OpenCL (GPU) task stalls, Nvidia driver issue?

Message boards : Number crunching : OpenCL (GPU) task stalls, Nvidia driver issue?
Message board moderation

To post messages, you must log in.

AuthorMessage
Gene Project Donor

Send message
Joined: 26 Apr 99
Posts: 150
Credit: 48,393,279
RAC: 118
United States
Message 1805037 - Posted: 26 Jul 2016, 23:54:10 UTC

Here's the system description: linux_x64, AMD 4-core FX4300, GTX 750Ti, boinc version 7.6.22, Nvidia driver 361.45.11; nothing overclocked, configured for 2 concurrent GPU tasks.

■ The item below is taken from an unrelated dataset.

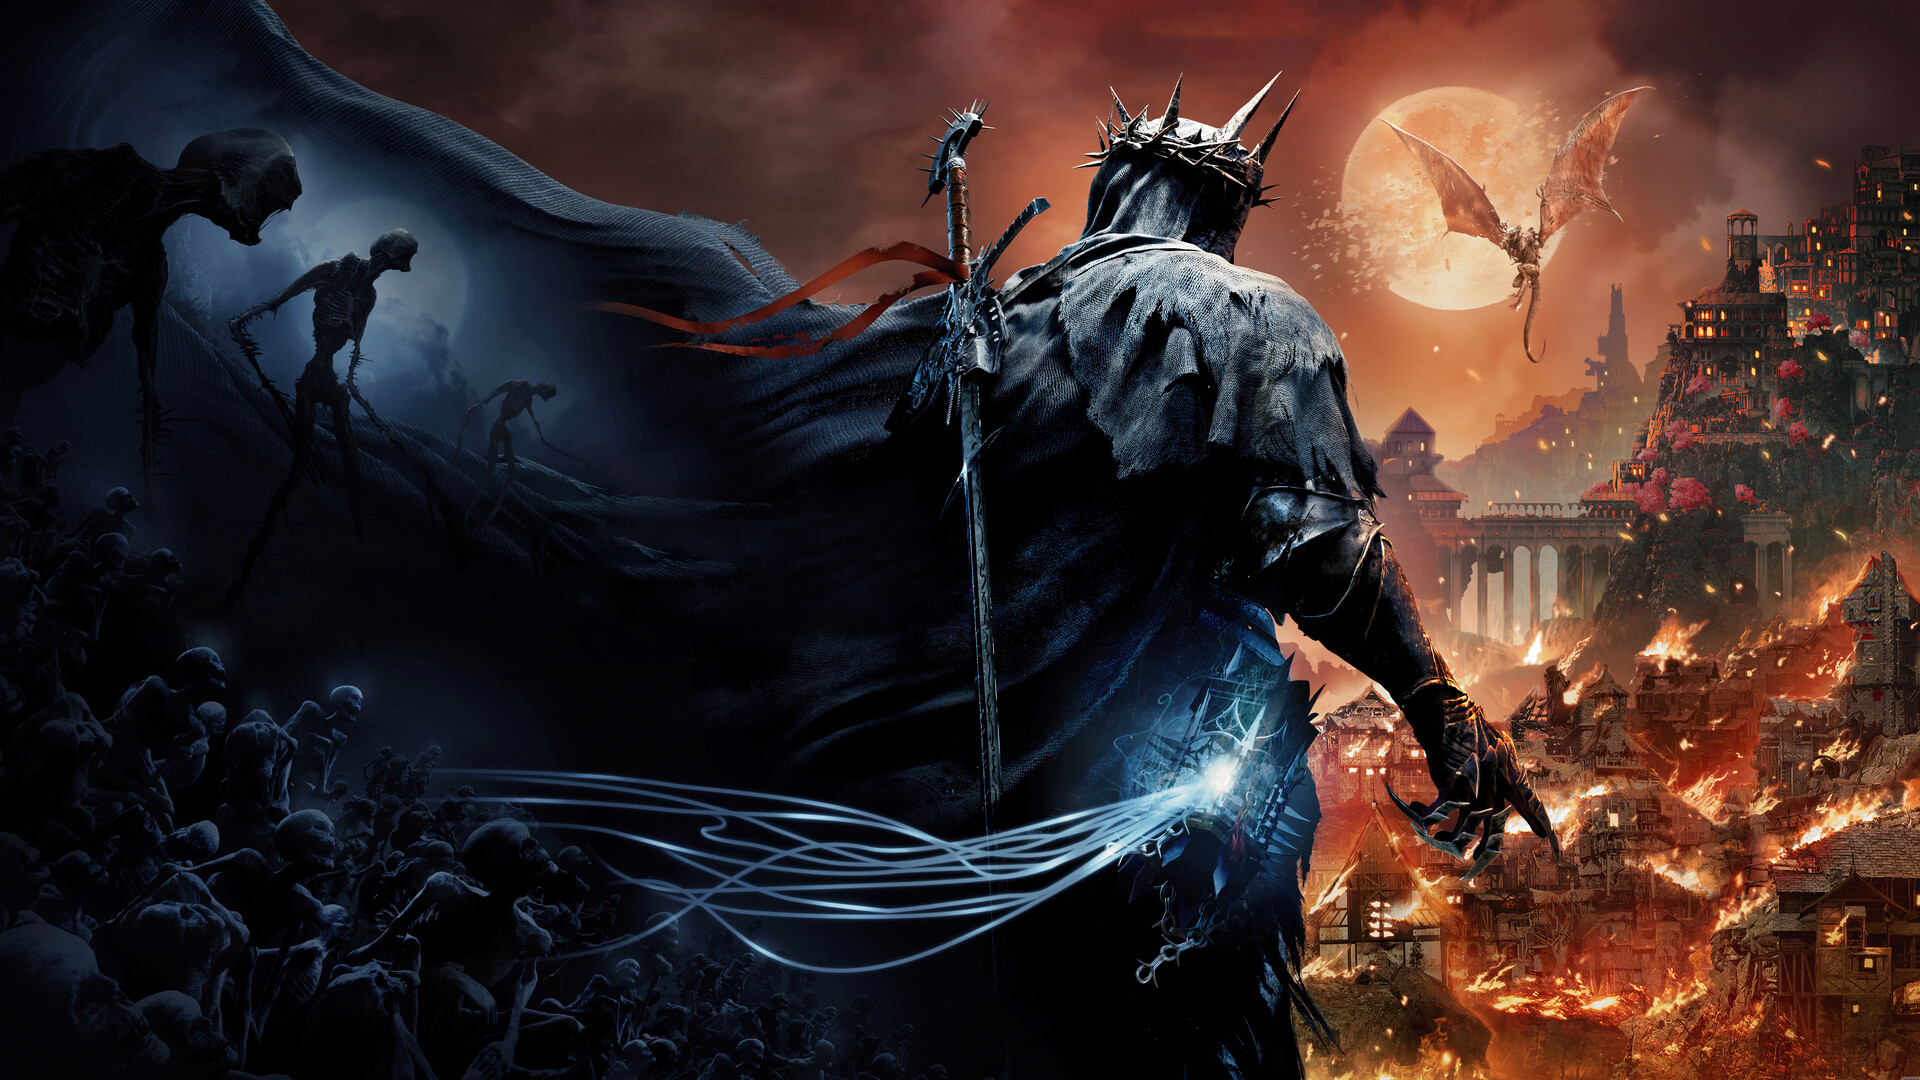 Lords of the Fallen release date, trailer, and more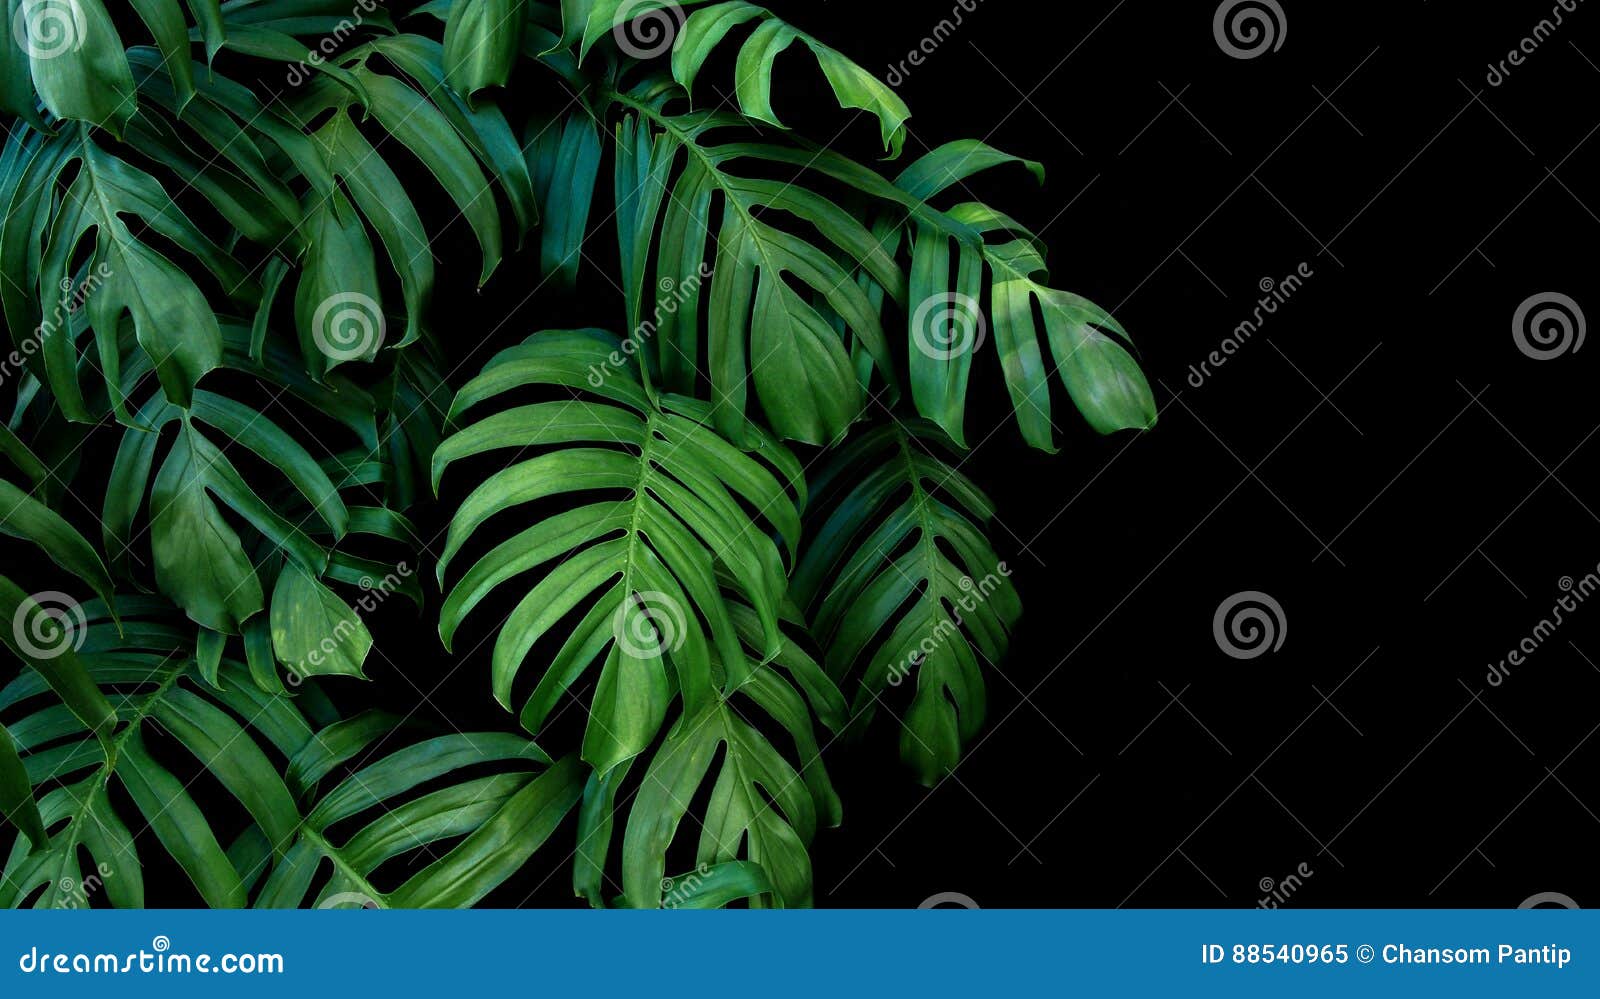 green leaves of monstera plant growing in wild, the tropical for

Here is the stalled task situation;
Happens about once per day, i.e. 1 in 90 GPU tasks;
A running GPU task "stalls" i.e. progress % does NOT advance;
Time "remaining" slowly builds;
Elapsed time continues advancing, but "CPU at last checkpoint" is stuck;
None of the files in /slots/xx show any change in size or access time;
"nvidia-smi pmon" shows the stalled task with ZERO % utilization (gpu & mem);
"top" shows the stalled task with 99% CPU share (1 core is configured for each GPU task);
BOTH opencl_nvidia_100 (AstroPulse) AND opencl_nvidia_SoG have been seen to stall this way, AstroPulse only once (understandably);
The SECOND concurrent task seems to be unaffected. If it finishes, another GPU task starts and seems to run normally.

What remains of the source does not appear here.